Desconfianças

Henrique Custódio

«Eu desconfio hoje que não há plano de coisa nenhuma», desconfiou Passos Coelho sobre o «plano de recapitalização» da CGD que, segundo ele, «deve ser apresentado ao País».

Coelho devia saber que um político que governou durante quatro anos e meio sem dar contas de nada a ninguém (nem ao Tribunal Constitucional), não tem autoridade para exigir o que quer que seja a «ser apresentado ao País».

Além disso, o «ex-chanceler no exílio» já devia ter percebido que as suas previsões ou desconfianças são catastróficas, sobretudo para si próprio. É só desenrolar as vezes que previu o desastre iminente do Governo do PS ou o seu anúncio da «vinda do Diabo».

Apesar de o PS ter escolhido Paulo Macedo para dirigir a CGD – ministro do governo PSD/CDS que, laboriosamente, tentou desmantelar o SNS –, Passos Coelho não desiste de atacar o Executivo do PS através da Caixa, continuando a colocar a sua «agenda» à frente dos interesses do País.

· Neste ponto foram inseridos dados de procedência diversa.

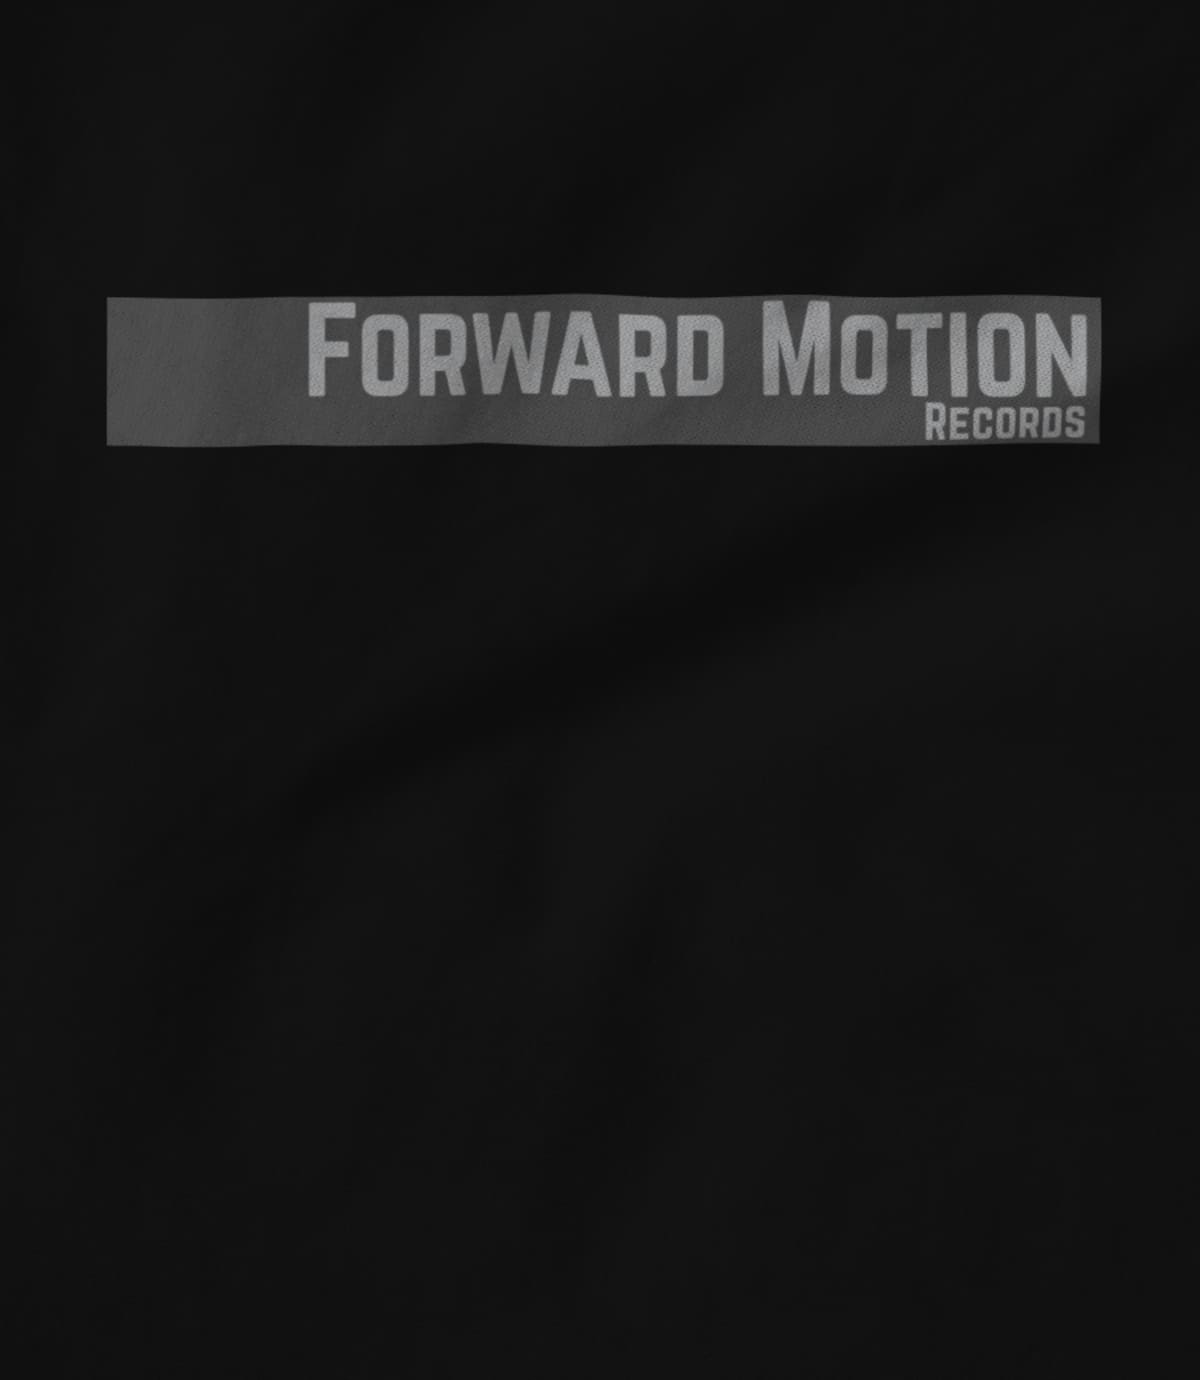 (Parollo Music) Forward Motion Records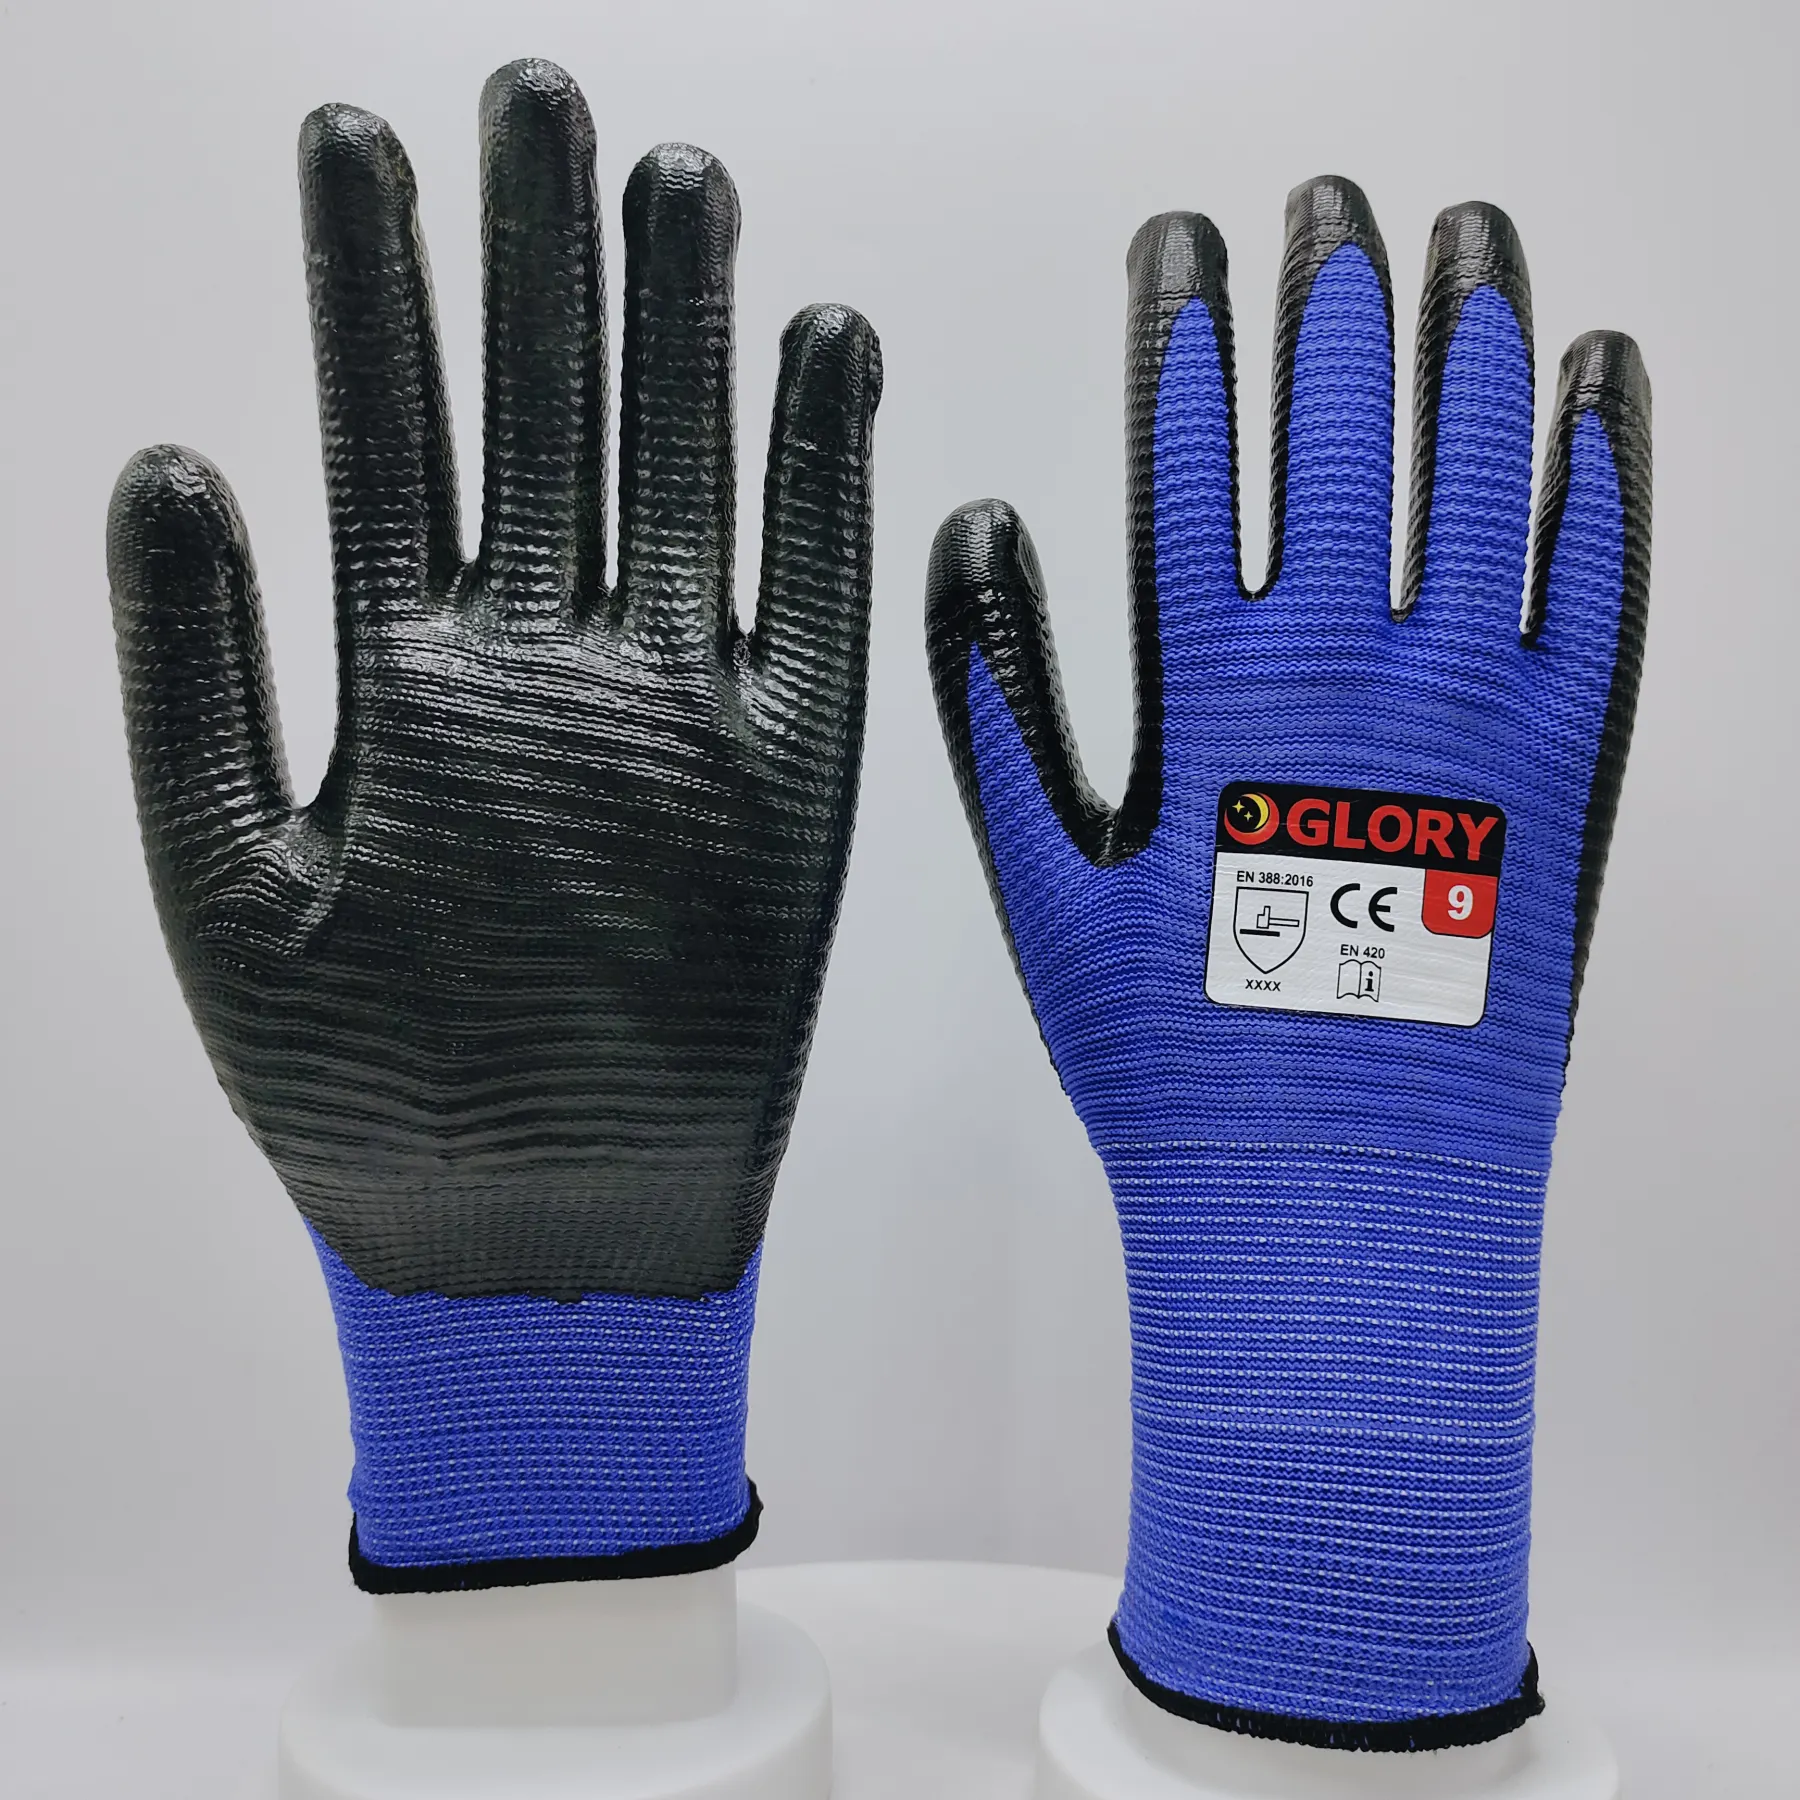 U3 zebra nitril kaplı çalışma eldivenleri ağır iş yağ direnci eldiven için endüstriyel koruyucu eldiven

Aliás, isso ficou pateticamente exposto na cerimónia produzida por Passos Coelho de homenagem ao fundador do PSD, Sá Carneiro, onde depôs solenemente uma coroa de flores junto a uma estátua do homenageado, por ocasião do aniversário do acidente de aviação que o vitimou, em 1980. Aí, Coelho reivindicou o princípio que, segundo ele, teria sido definido por Sá Carneiro, no qual o País «estava sempre à frente de tudo».

Para ele, à frente de tudo só se for as homenagens.

Passos Coelho está definitivamente preso no seu labirinto e, como se tivesse palas nos olhos, só observa o que se desenrola à frente do nariz.

No caso, o homem apenas vê a queda do Governo como meio de voltar ao poder, acirra-se nisso e os apaniguados esforçam-se por ver nesta falta de estratégia a marca de «uma forte personalidade».

Mas o seu «que se lixem as eleições» diz mais dele do que o próprio desejaria, pois no «que se lixem» esconde-se a omnipotência suicida que se vê nos jogadores compulsivos, confiantes num golpe de sorte de últimas hora (que tendem a confundir com «golpe de asa») para os pôr a vencer in extremis.

Todavia, se há coisa que preocupe Passos é mesmo as eleições, como se viu, não há muito tempo, quando se pôs a acusar o Governo do PS de estar a prometer aumentos por causa das eleições autárquicas. Ele sabe o que a casa gasta e tende a confundir os outros consigo próprio, mas a preocupação está lá e com razões para isso, como se deduz da já notória dificuldade em apresentar candidaturas – «sonantes» ou não – para os mais importantes municípios do País.

O tempo está a esgotar-se para Passos Coelho e ele pressente-o. Se não tivesse uma tão «forte personalidade» até já o sabia. Mas numa coisa está certo – hoje, «não há plano de coisa nenhuma», com um pormenor: é na cabeça dele que esta ausência ocorre.